Letters of Credit are incredibly useful and sometimes necessary tools in the course of international trade. They essentially serve to notify a seller of goods that a buyer has a line of credit with a credible financial institution. This allows the seller to feel more assured that in the event the buyer is unable to cover the costs of the goods, the seller will still get paid by the bank.

Enforceable Letters of Credit authorize a company to “draw” on the bank up to an aggregate amount upon demand according to certain terms and condition. The Letter of Credit must specify the total amount that may be drawn by the company from time to time, usually upon written demand. The bank promises to honor the demand, again up to a certain amount.

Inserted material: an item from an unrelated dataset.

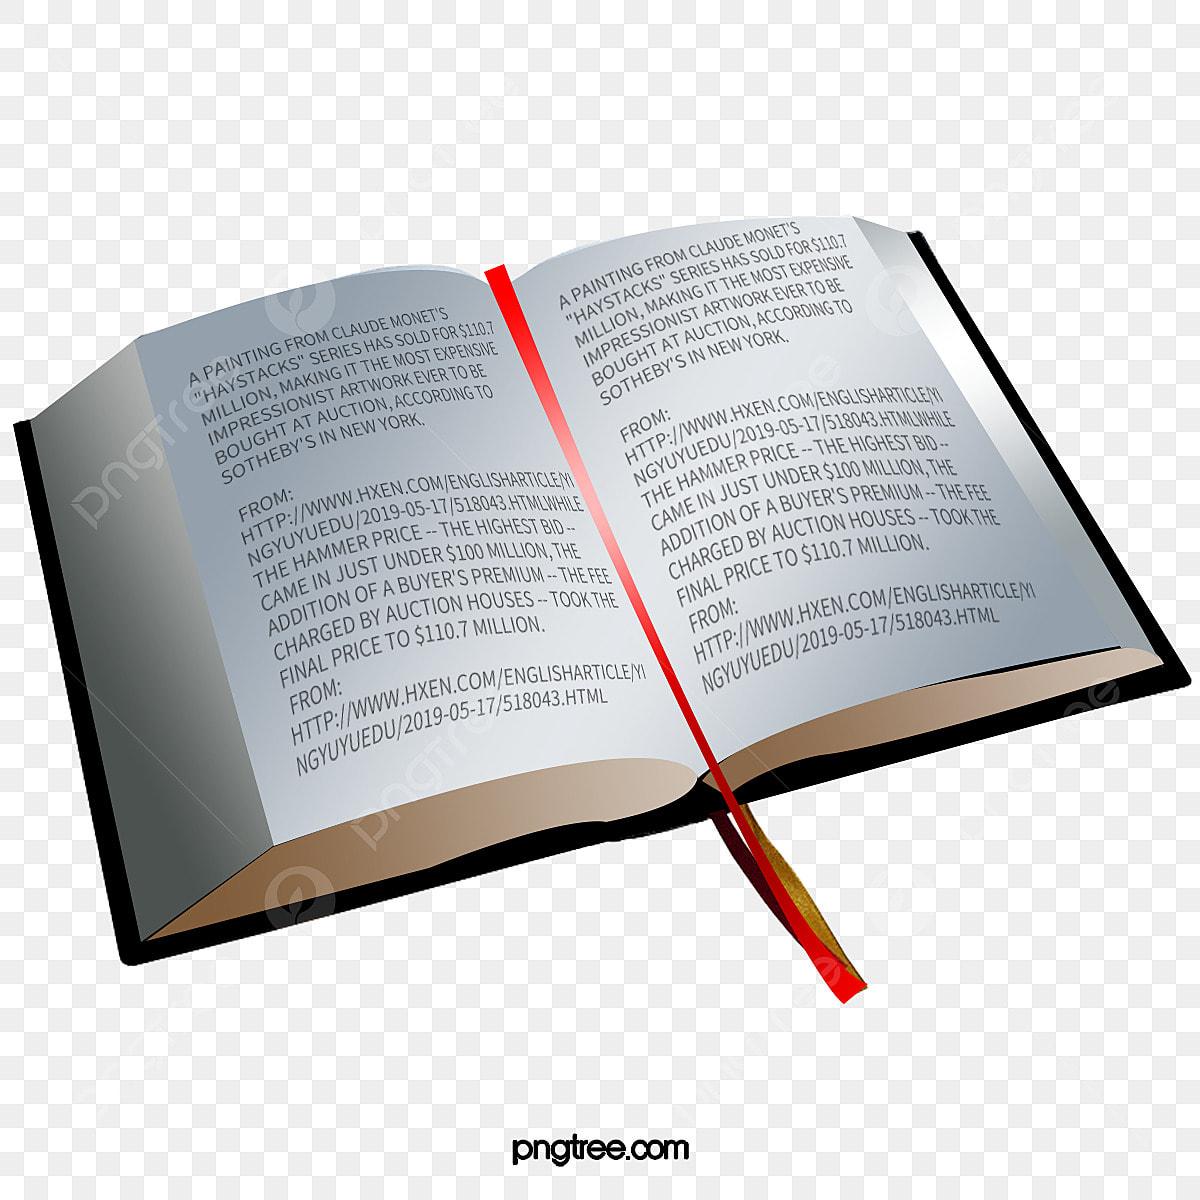 A Biblia De Cor Avermelhada A Biblia O Cristianismo Livros De Material Arquivo Png E Psd Para Download Gratuito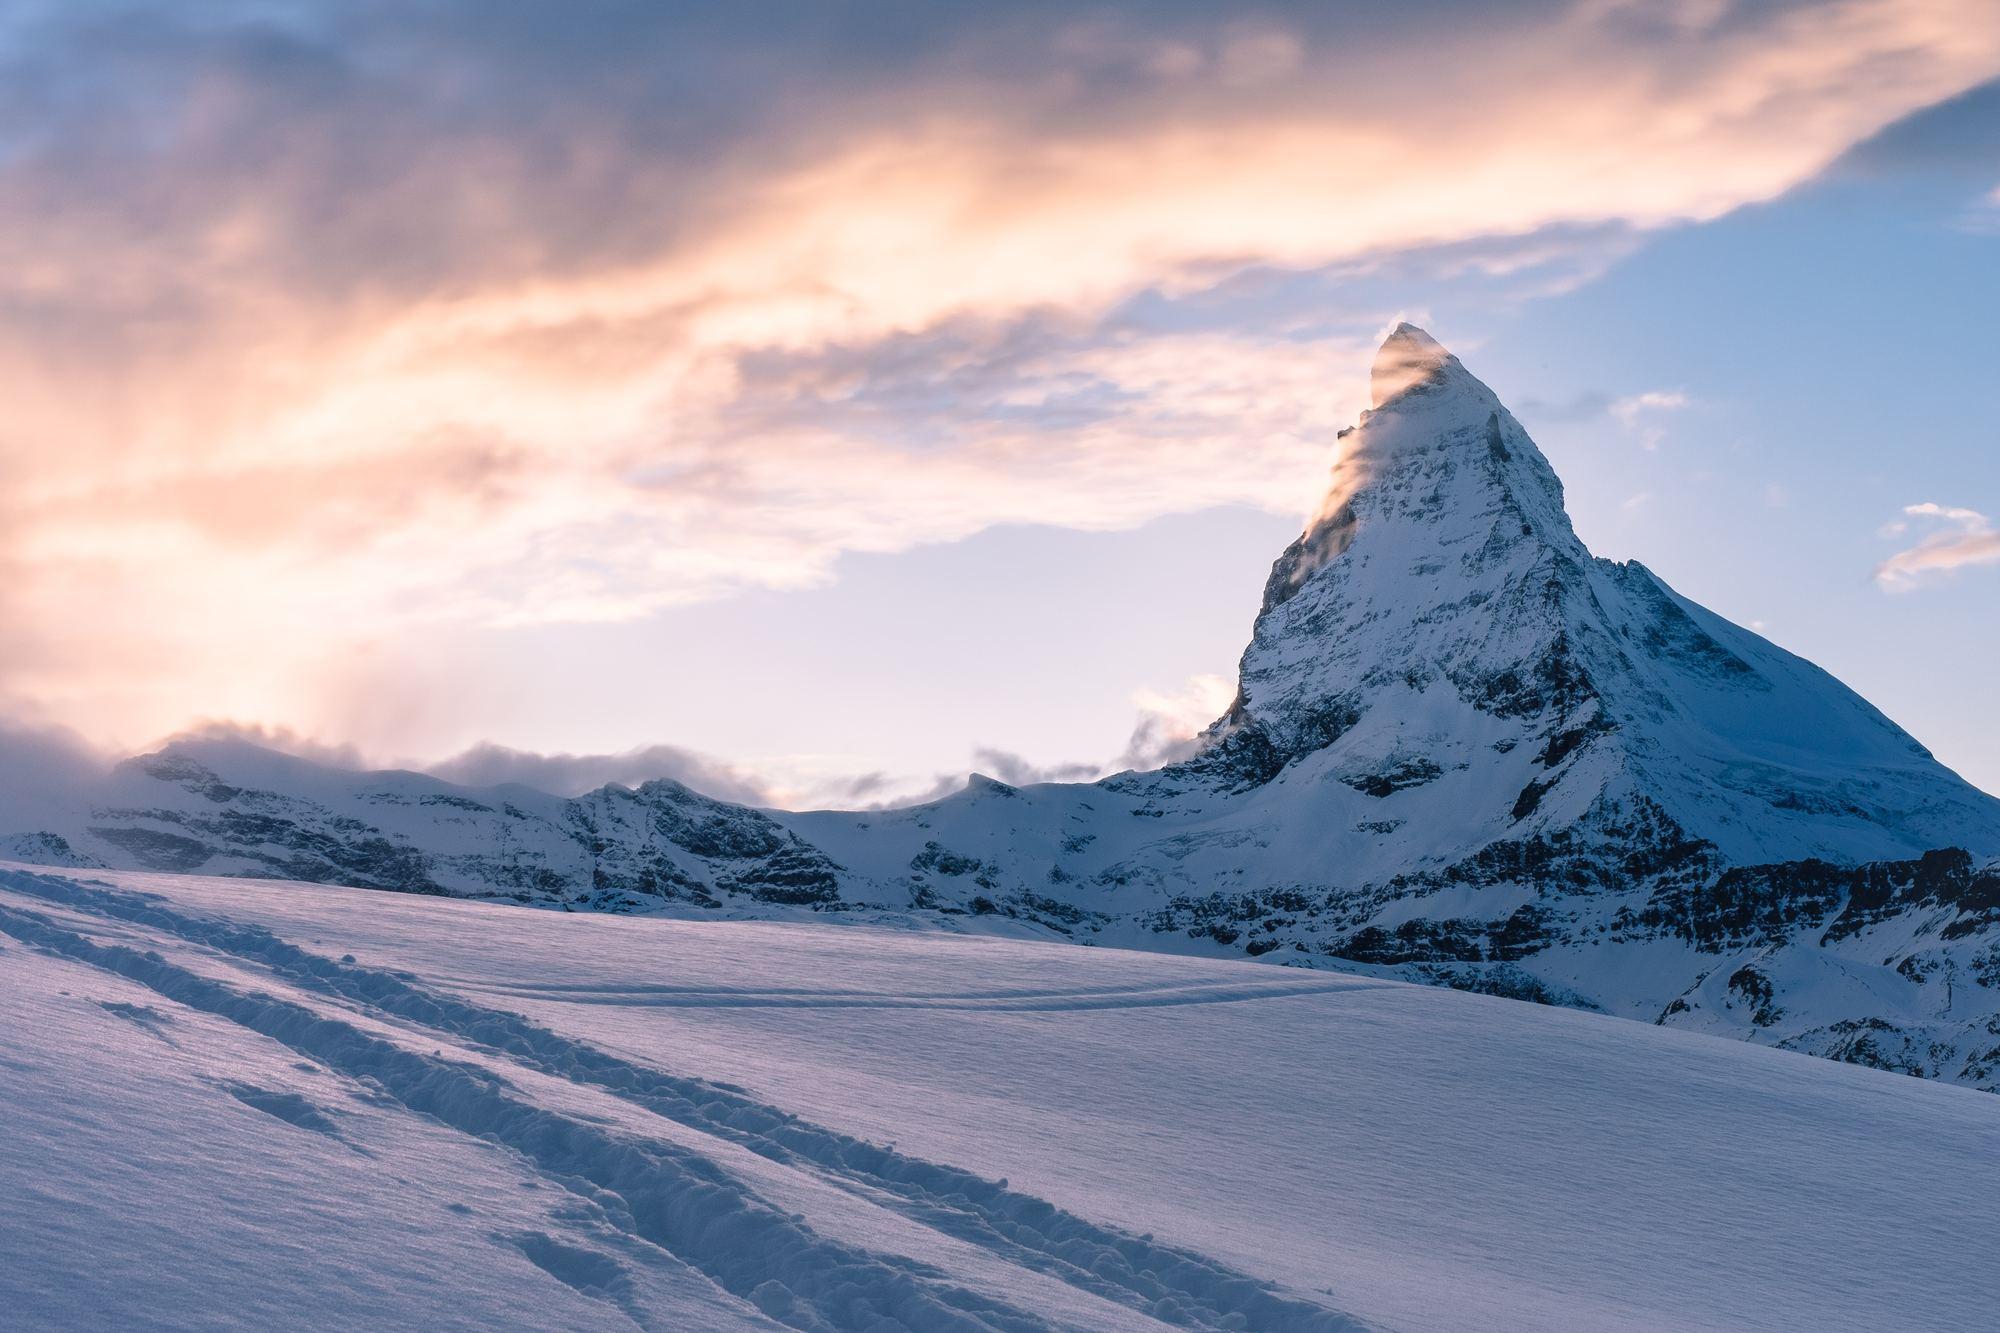 Christmas in Zermatt

The letter of credit should also include the term of the line of credit, whether it is indefinite or whether it will only continue up to a certain expiration date. A provision discussing automatic extension of the agreement may also be included. Usually the bank will have the option to notify the company in writing that they are electing not to extend or renew the line of credit. In this case, the company will be responsible for paying the amount outstanding on or before the expiration date of the agreement.

There is typically a fee for opening a line of credit with a bank. The applicant pays the LC fee to the bank, and may in turn charge this on to the beneficiary. From the bank's point of view, the LC they have issued can be called upon at any time (subject to the relevant terms and conditions), and bank then looks to reclaim this from the applicant.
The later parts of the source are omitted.